Women set their sights on top job in California

FEMALE politicians in the United States, savouring their best election year yet, expect to seize another important political trophy in California. The country's most populous state could soon be governed by a woman.

Their latest potential champion is of vintage political stock. She is Kathleen Brown, the daughter of Edmund 'Pat' Brown and sister of Jerry 'Moonbeam' Brown - the maverick Democratic presidential candidate. If elected, she would be the third Brown in four decades to govern California, a job regarded as a springboard for a run at the White House.

Her success would be another victory for women nationwide, who are celebrating the acquisition of several top jobs in the Clinton administration and a stack of new seats in Congress. And it would be still more of a triumph at state level, following the election of women - Dianne Feinstein and Barbara Boxer - to California's two Senate seats.

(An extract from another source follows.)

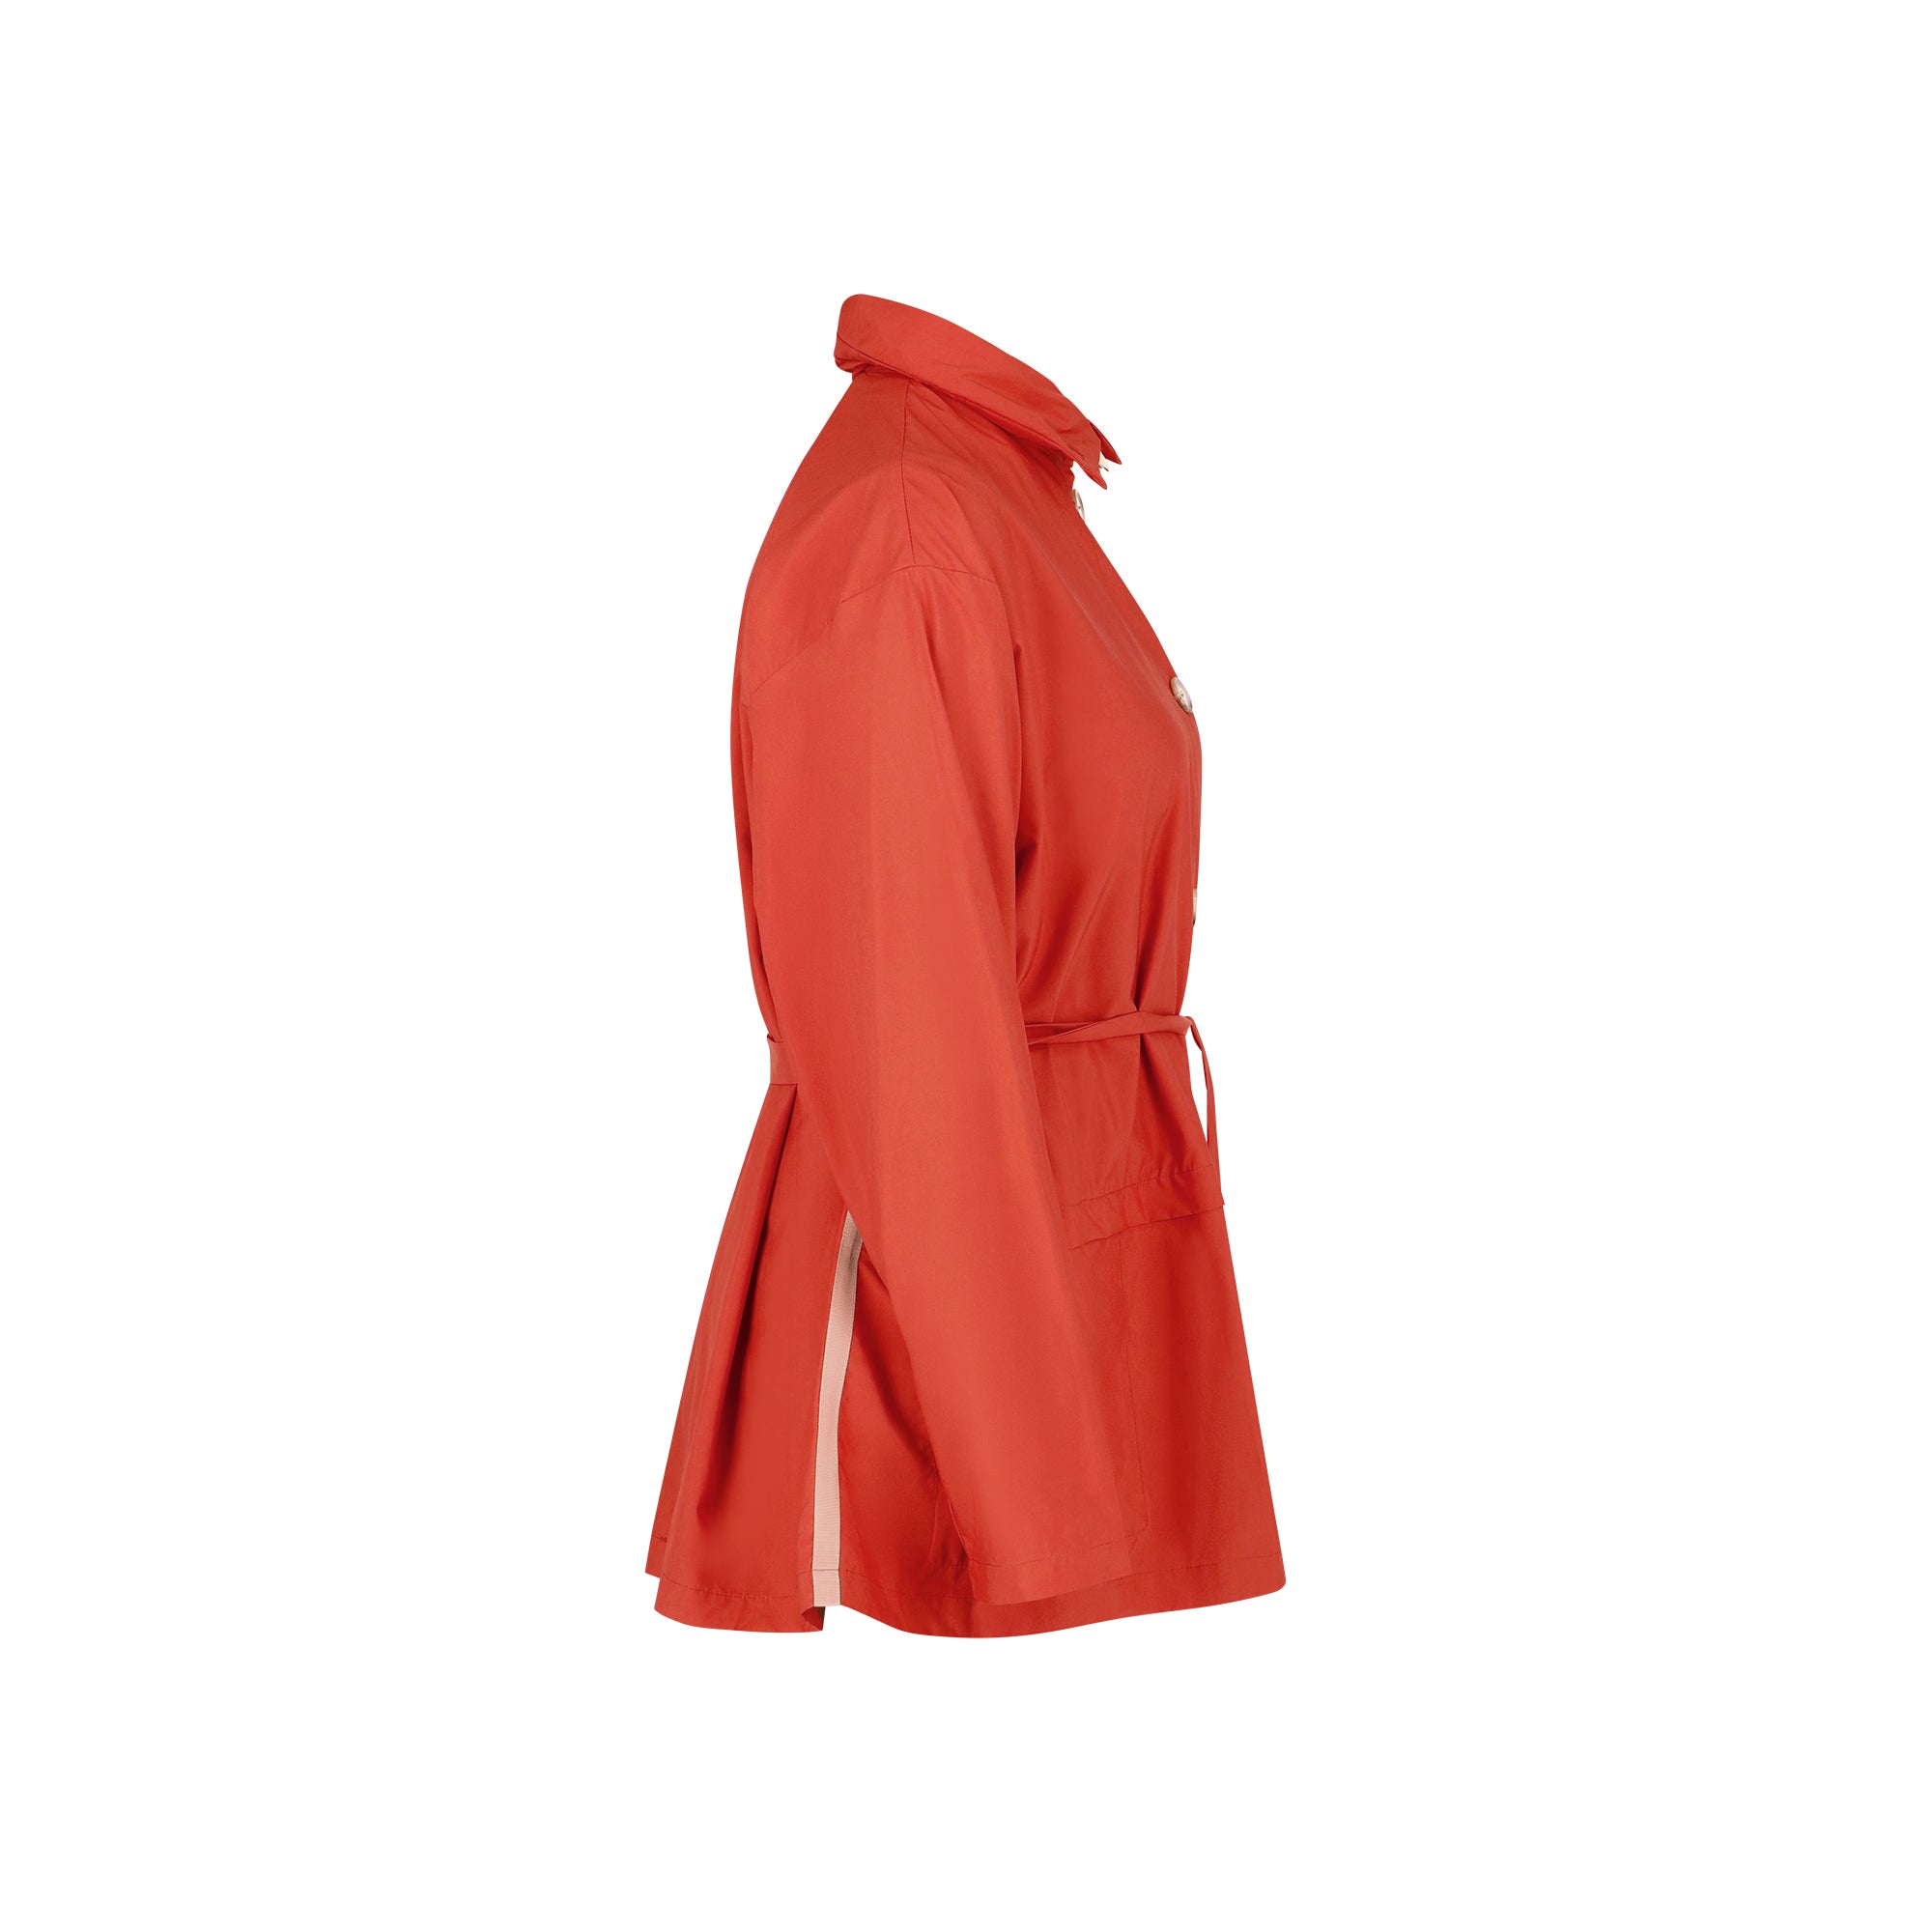 Bise raincoat - Orange color - side view

In the past two months Ms Brown, at present the state treasurer, has been raising large sums of money. Although she has not formally declared her intentions, there is little doubt in political circles that she will go for, and get, the Democratic nomination for the state's top political job, which is up for election in 1994.

As things stand, she has an excellent chance of victory. She is bright, moderate and politically astute; she performs well on television; and is well connected in Wall Street and Hollywood, important sources of campaign funds. Most importantly, unlike her eccentric brother, she is well- liked in the Democratic Party. Her father, a towering figure in Californian politics who was governor during the boom years of 1958 to 1966, has described her as the 'best politician in the family'.

Jerry Brown, who served two terms as governor, from 1974 to 1982, could be a potential embarrassment to her, because of his reputation for whackiness. He has taken to the wilderness for a period of contemplation, but his political career is unlikely to be over.

His sister's position is greatly assisted by the miserable fortunes of California's governor, Pete Wilson, a Republican, who is still trying to recover after a disastrous election year. So far his governorship has been spent surviving a series of crises. These include the state's dollars 11bn ( pounds 7bn) budget deficit, the Los Angeles riots, several sizeable earthquakes, a six-year drought, a plague of medfly, and a series of huge forest fires.

Matters have been made worse by a recession which, according to some economists, may not begin to ease until 1994. Mr Wilson is also deeply disliked by a large chunk of the Republican right who resent his pro-choice position on abortion and believe he is soft on homosexuals.

But these are early days. The last time California voted for a Democratic president was in 1964, when it elected Lyndon Johnson. Two years later, a Republican won the governor's race - a former 'B-movie' actor who later spent eight years in the White House.